14. The system of claim 13, wherein the at least one additional fault is an open circuit, the open circuit being detected based on the current residual, a minimum allowable angular velocity threshold, and a motor resistance fault.

15. The system of claim 13, wherein the at least one additional fault is a short circuit, the short circuit being detected based on the current residual and a motor resistance fault.

16. The system of claim 1, wherein the motor is a direct current (“DC”) motor.

17. The system of claim 1, wherein the estimated angular velocity is independent of loads applied in the system.

18. A method for fault accommodation in a motor, the method comprising:

determining an estimated angular velocity of the motor and an estimated angular position of the motor;

detecting a sensor fault of a motor encoder; and

in response to the sensor fault being detected, detecting at least one additional fault with at least one of the estimated angular velocity or the estimated angular position.

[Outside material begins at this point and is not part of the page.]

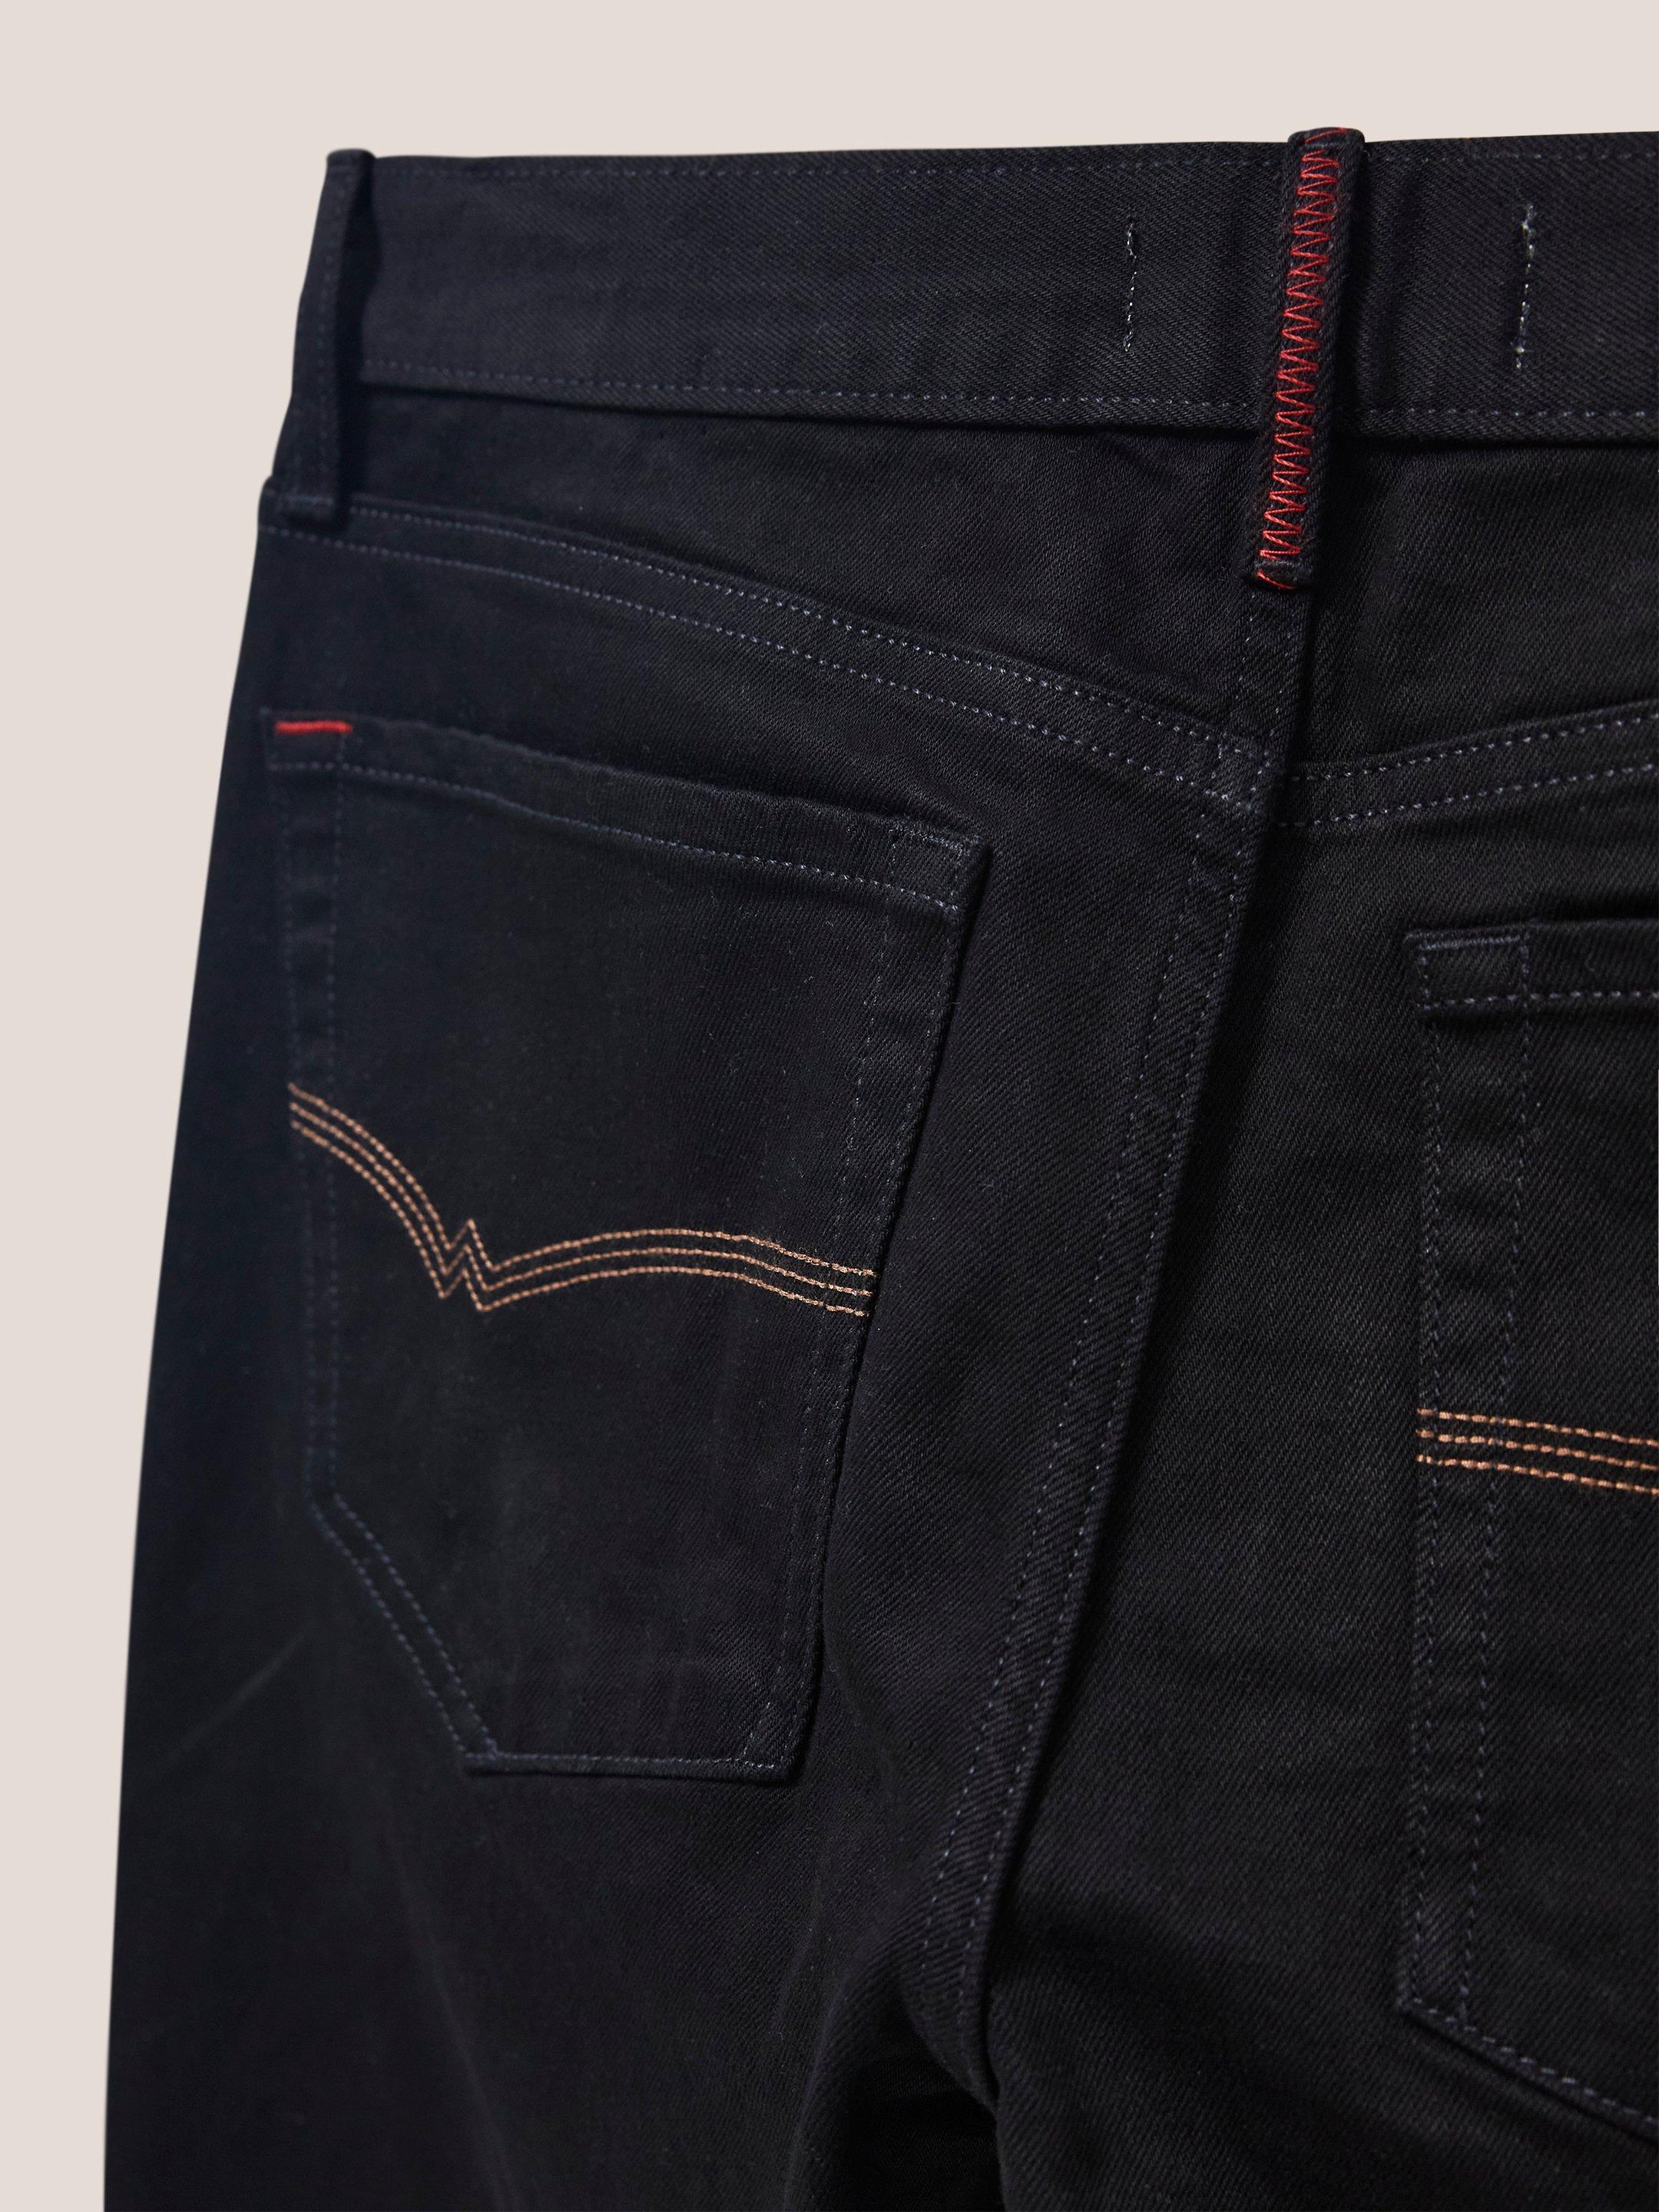 Harwood Straight Jean in PURE BLK - FLAT DETAIL

19. The method of claim 18, further comprising:

determining an estimated coil resistance of the motor based on a measured motor coil temperature and an ambient temperature,

wherein the estimated angular velocity is a first estimated angular velocity, the first estimated angular velocity being determined based on the estimated coil resistance of the motor, a measured motor voltage, a measured motor current, a time derivative of a filtered motor current, and an inductance.

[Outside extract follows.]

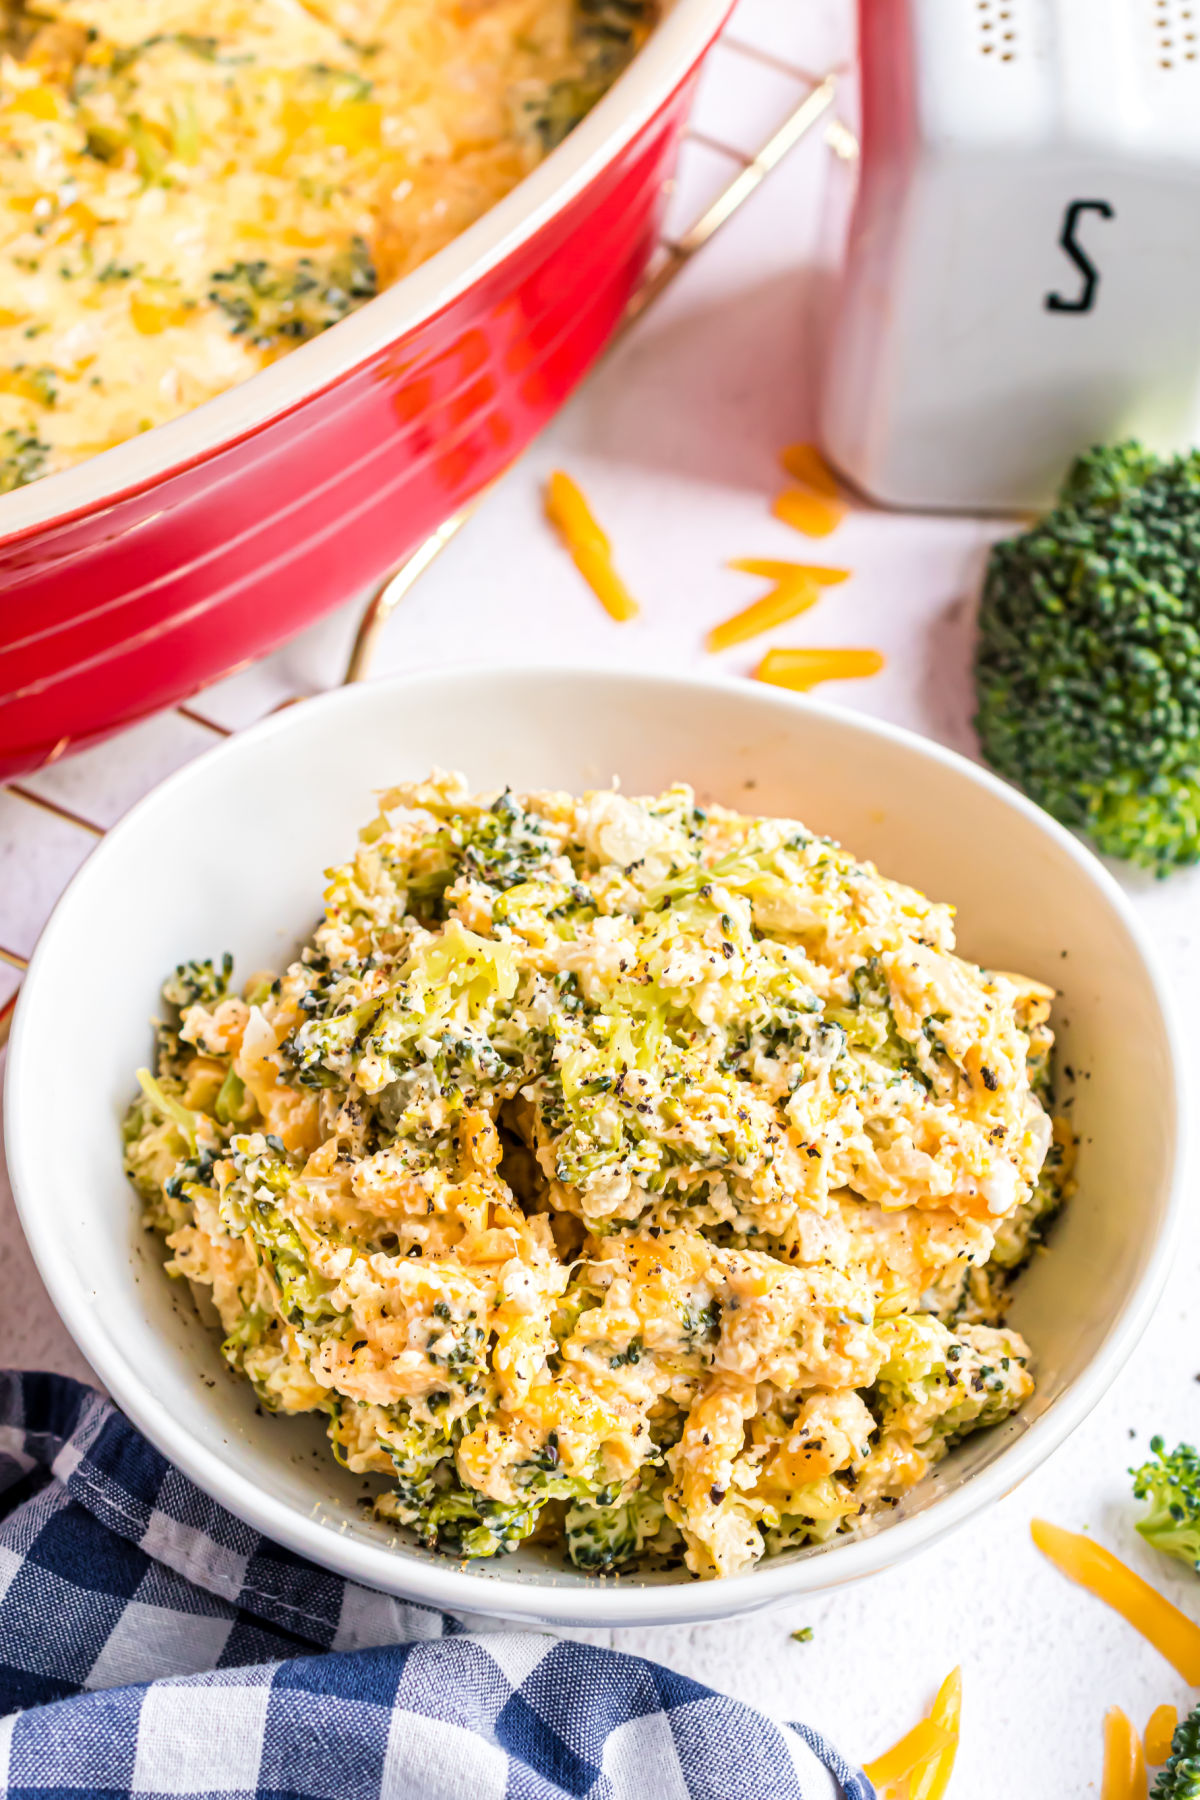 Broccoli cheese casserole scooped into a bowl for serving.

20. The method of claim 18, further comprising:

obtaining a sensed angular velocity of the motor and a sensed angular position of the motor;

determining an angular velocity residual based on the sensed angular velocity of the motor and the estimated angular velocity of the motor; and

determining an angular position residual based on the sensed angular position of the motor encoder and the estimated angular position of the motor encoder.

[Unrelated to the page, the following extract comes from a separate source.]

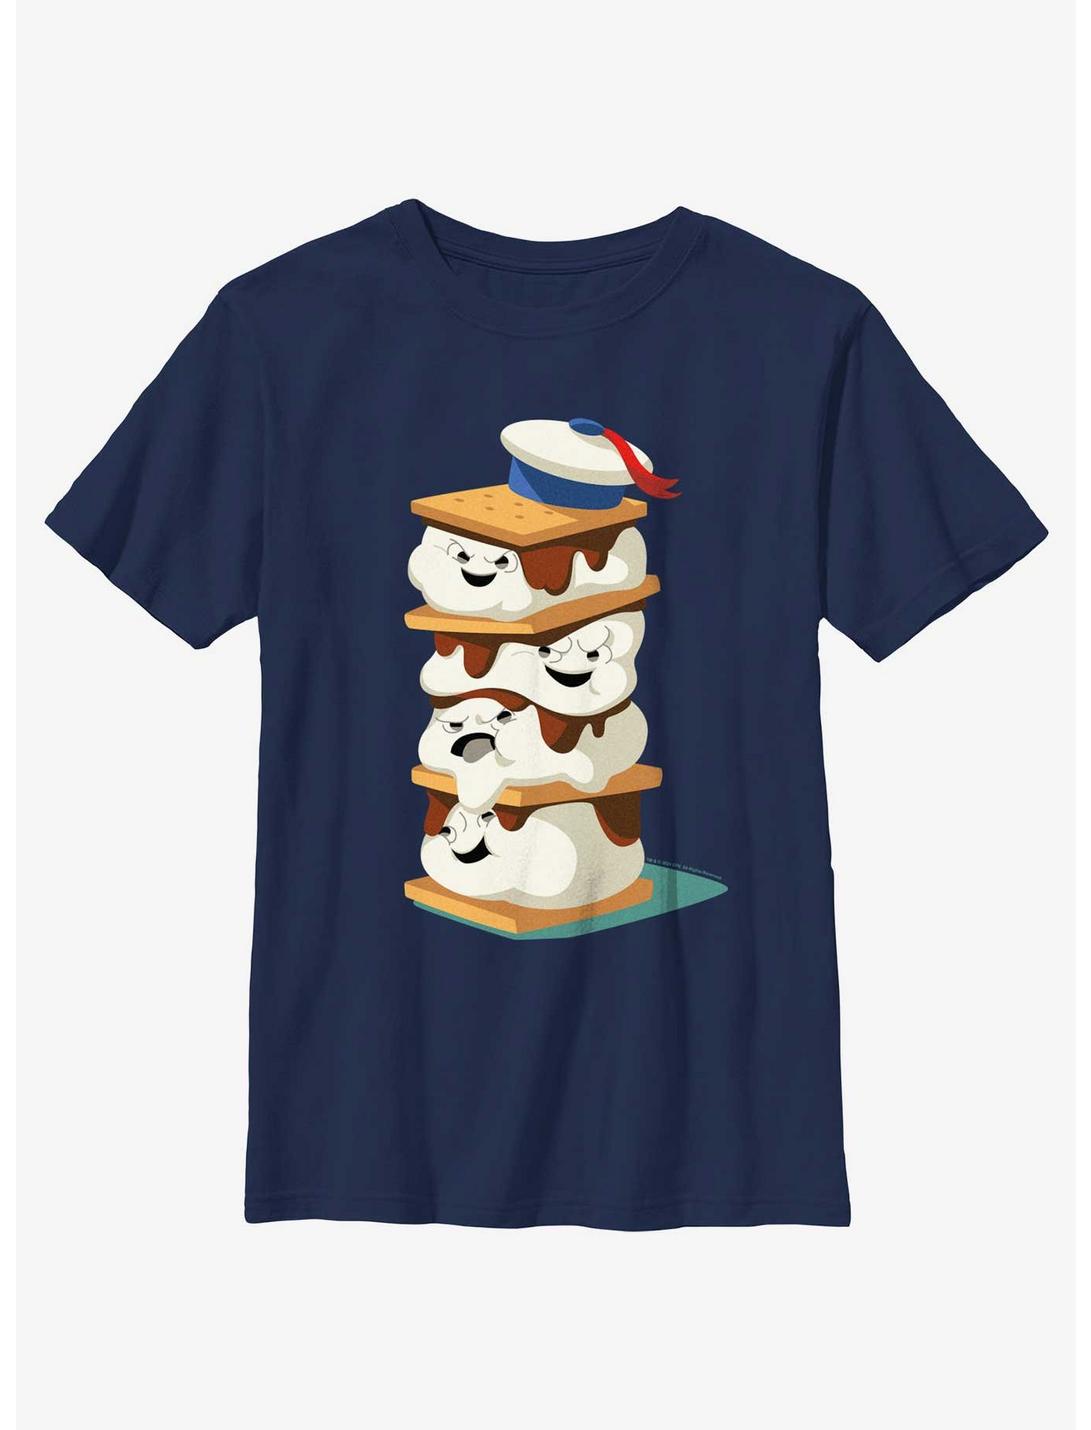 Ghostbusters: Frozen Empire Mini Puft Marshmallow Smores Youth T-Shirt, NAVY, hi-res

21. The method of claim 20, wherein the motor encoder includes a first pin, a second pin, and an index pin and wherein the method further comprises:

detecting an electrical fault based on a state of one or more of the first pin, the second pin, or the index pin.

22. The method of claim 21, wherein the estimated angular velocity is a second estimated angular velocity, the second estimated angular velocity being determined based on a measured current and a model of a motor plant in response to an electrical fault being detected.

23. The method of claim 21, wherein the at least one additional fault is a fault state of the motor encoder, the fault state of the motor encoder being detected based on the angular velocity residual or detection of the electrical fault.

24. The method of claim 23, wherein the estimated angular position of the motor encoder is used for motor position and velocity control in response to the at least one additional fault being a fault state of the motor encoder.

25. The method of claim 20, further comprising:

setting a minimum velocity as a threshold for detecting motion of the motor; and

determining a selected angular velocity when no motion of the motor is detected,

wherein the selected angular velocity is the estimated angular velocity in response to determining that the motor encoder is broken and is the sensed angular velocity in response to the sensed angular velocity agreeing with the estimated angular velocity.

26. The method of claim 18, further comprising:

determining a current residual based on a sensed current and an estimated current of the motor, wherein

in response to the at least one additional fault being an open circuit, detecting the open circuit based on the current residual, a minimum allowable angular velocity threshold, and a motor resistance fault, and

in response to the at least one additional fault being a short circuit, detecting the short circuit based on the current residual and a motor resistance fault.

27. The system of claim 2, further comprising inputting the ambient temperature and a measured current into a second order motor temperature model to determine the coil resistance.